Predicting outcomes of 15-minute BTC and ETH binary contracts on Kalshi using machine learning and cross-asset market signals.
Kalshi is a regulated prediction market exchange where participants trade yes/no contracts on real-world events. The contracts analyzed here resolve based on whether BTC or ETH price is up or down at the end of a 15-minute window. Each contract is priced as a probability: a contract trading at $0.62 implies the market estimates a 62% chance the outcome is YES (UP).
The central research question is: can we build a model that extracts a systematic edge over the market's consensus probability? If the market's opening probability were perfectly calibrated and instantly incorporated all public information, no edge would exist. We hypothesize that early intra-contract momentum and cross-asset signals carry information not yet fully priced in.
Source: Kalshi minute-level price feeds for BTC and ETH 15-minute binary contracts
Period: February 16 – March 26, 2026
Raw volume: ~34K minute-level BTC rows (2,264 contracts), ~29K ETH rows (1,943 contracts)
Each contract row records the asset, date, contract open time, strike threshold, P(UP), P(DOWN), and volume at that minute. The ticker encodes metadata — for example, KXBTC15M-26FEB161830-30 means BTC, February 16 2026, opening at 18:30 UTC, $30 threshold.
Data quality audits before any analysis:
- Probability sums: |P(UP) + P(DOWN) − 1| ≤ 0.01 → 100% pass rate for both assets
- Duplicate (timestamp, ticker) pairs → none found
- Minimum contract length of 15 rows → one anomalous contract dropped per asset
- Final usable set: 2,263 BTC contracts (99.96%) and 1,942 ETH contracts (99.95%)
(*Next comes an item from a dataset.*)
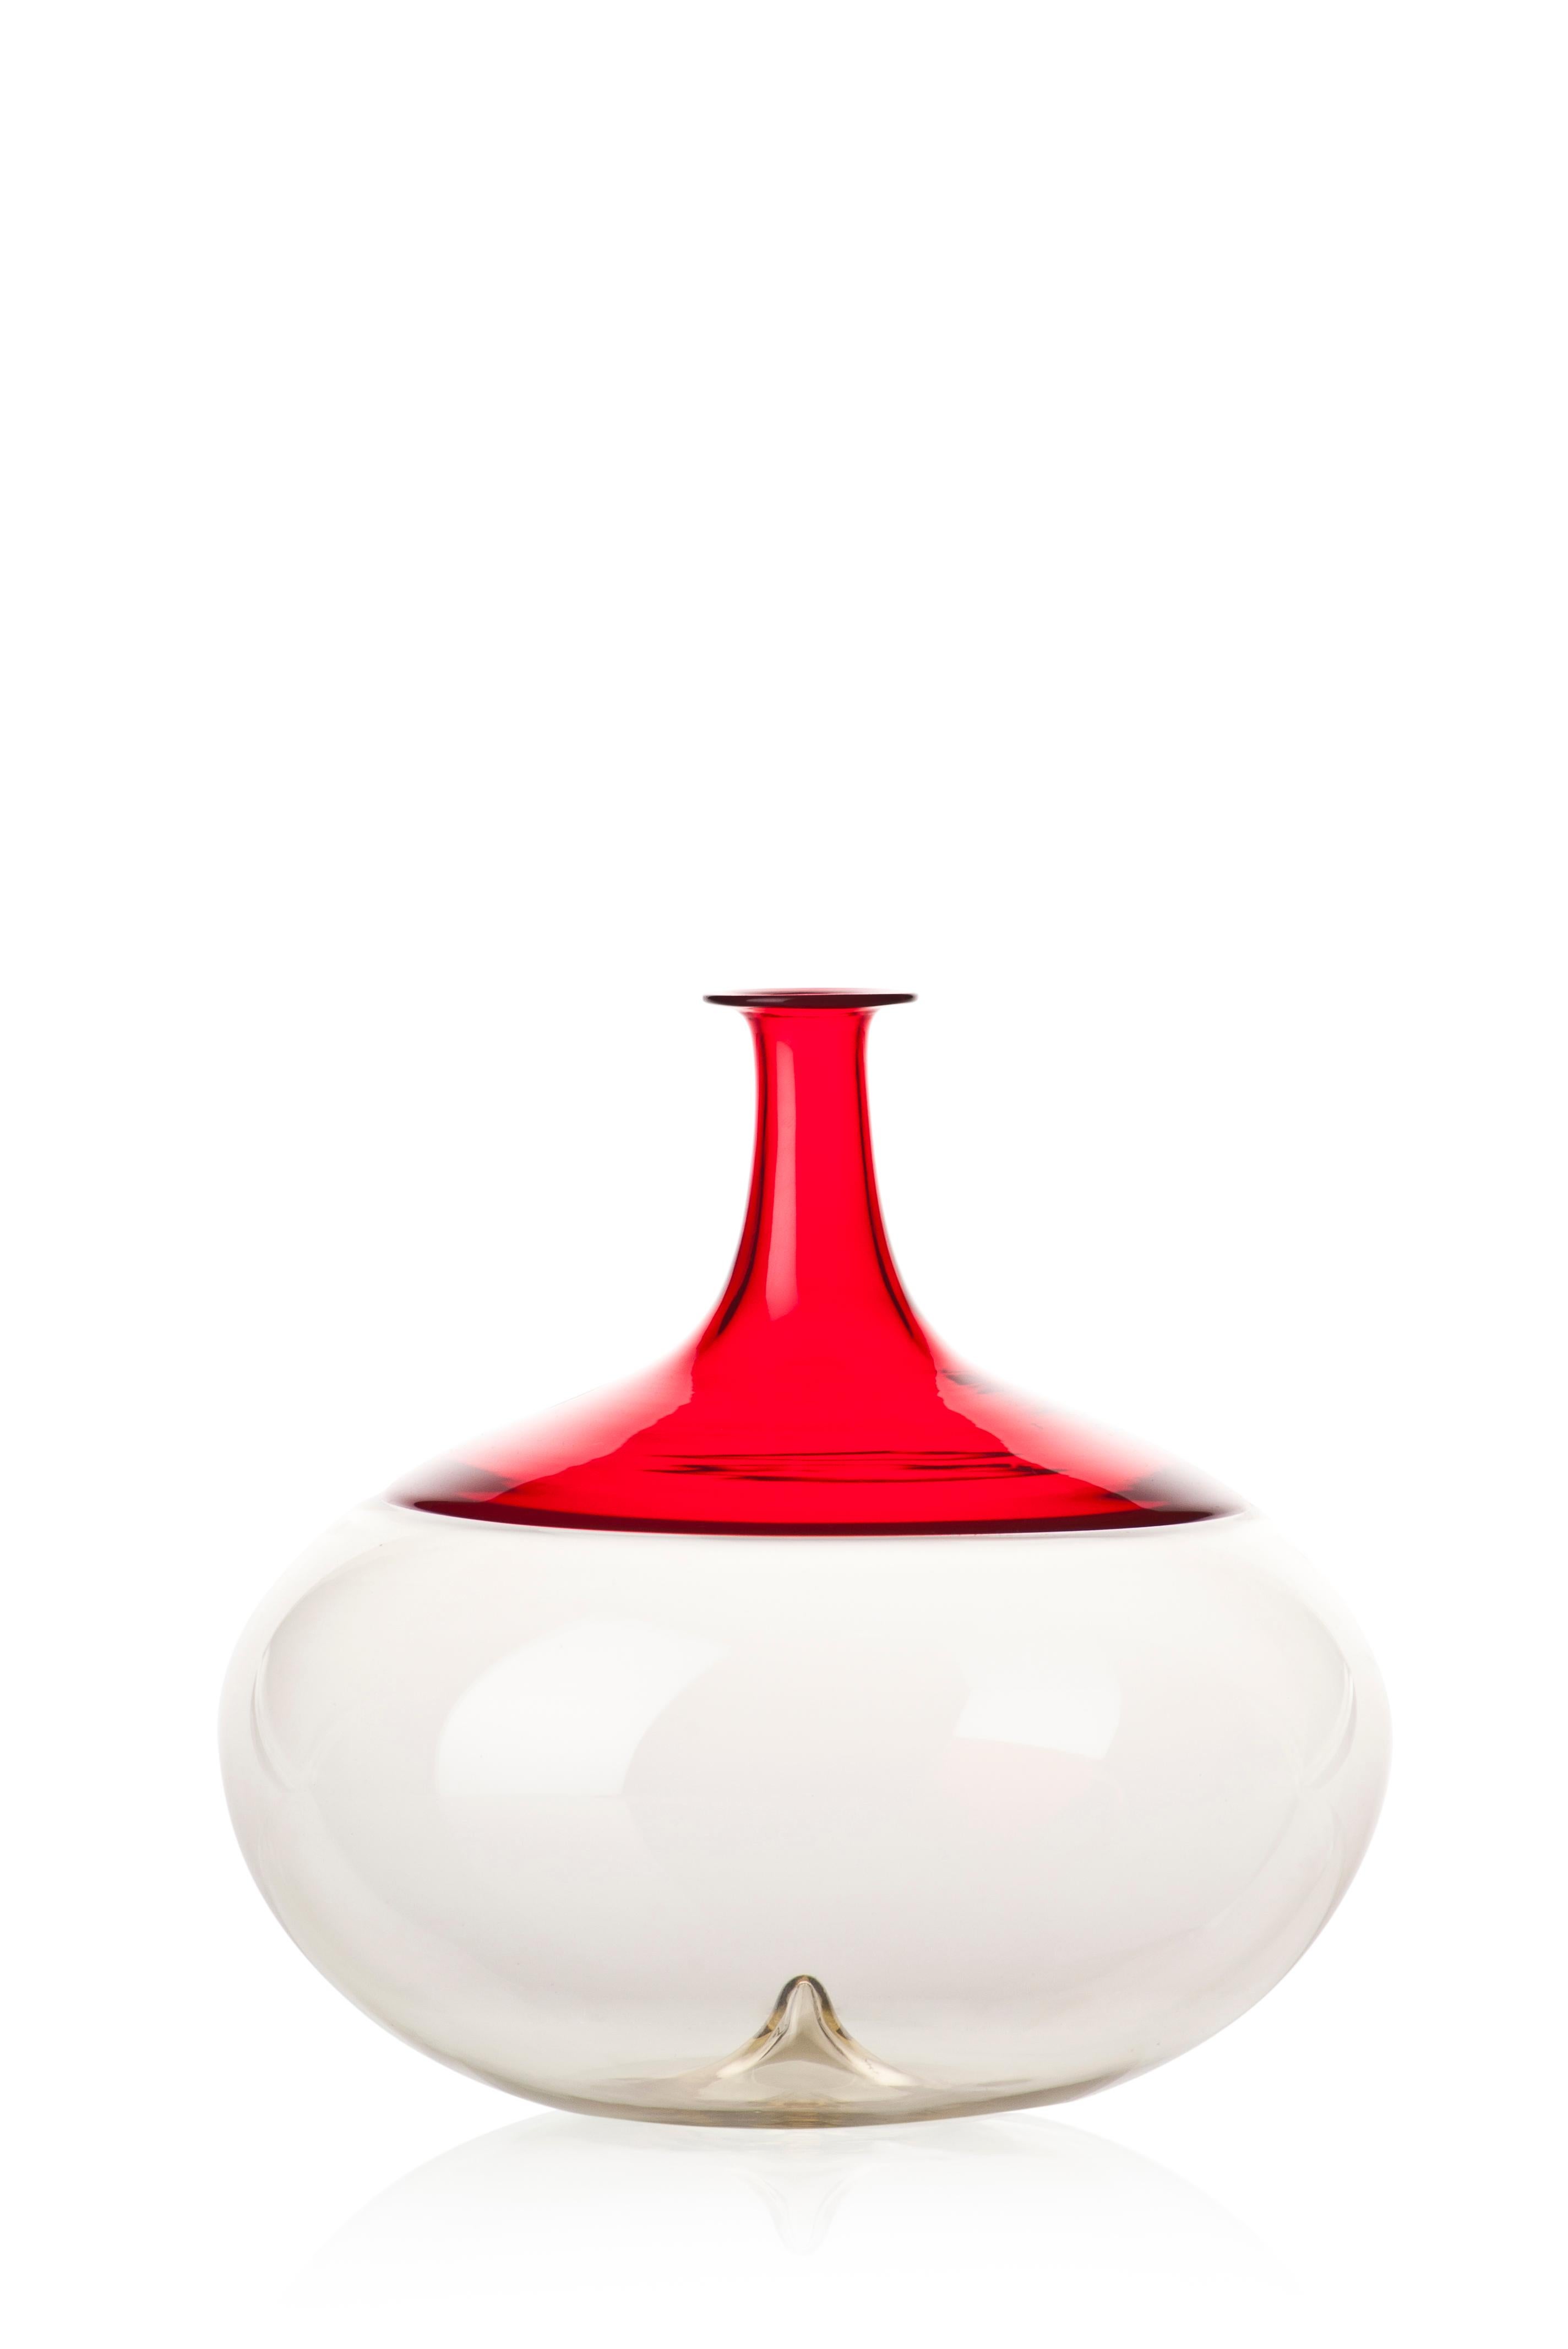 Venini glass vase in white and red designed by Tapio Wirkkala in 1966. Perfect for indoor home decor as container or statement piece for any room.

Dimensions: 19 cm diameter x 19 cm height.

For cross-asset modeling, contracts were matched on open_key (timestamp floored to the minute), yielding 1,920 matched pairs with 1,919 having both outcomes resolved.
Rather than feeding raw minute-level data into models, we aggregate each 15-minute contract into a single row of summary statistics. This is the right choice here because: (a) the outcome is contract-level, not tick-level; (b) it avoids treating time-series within a contract as independent observations; and (c) it produces interpretable features.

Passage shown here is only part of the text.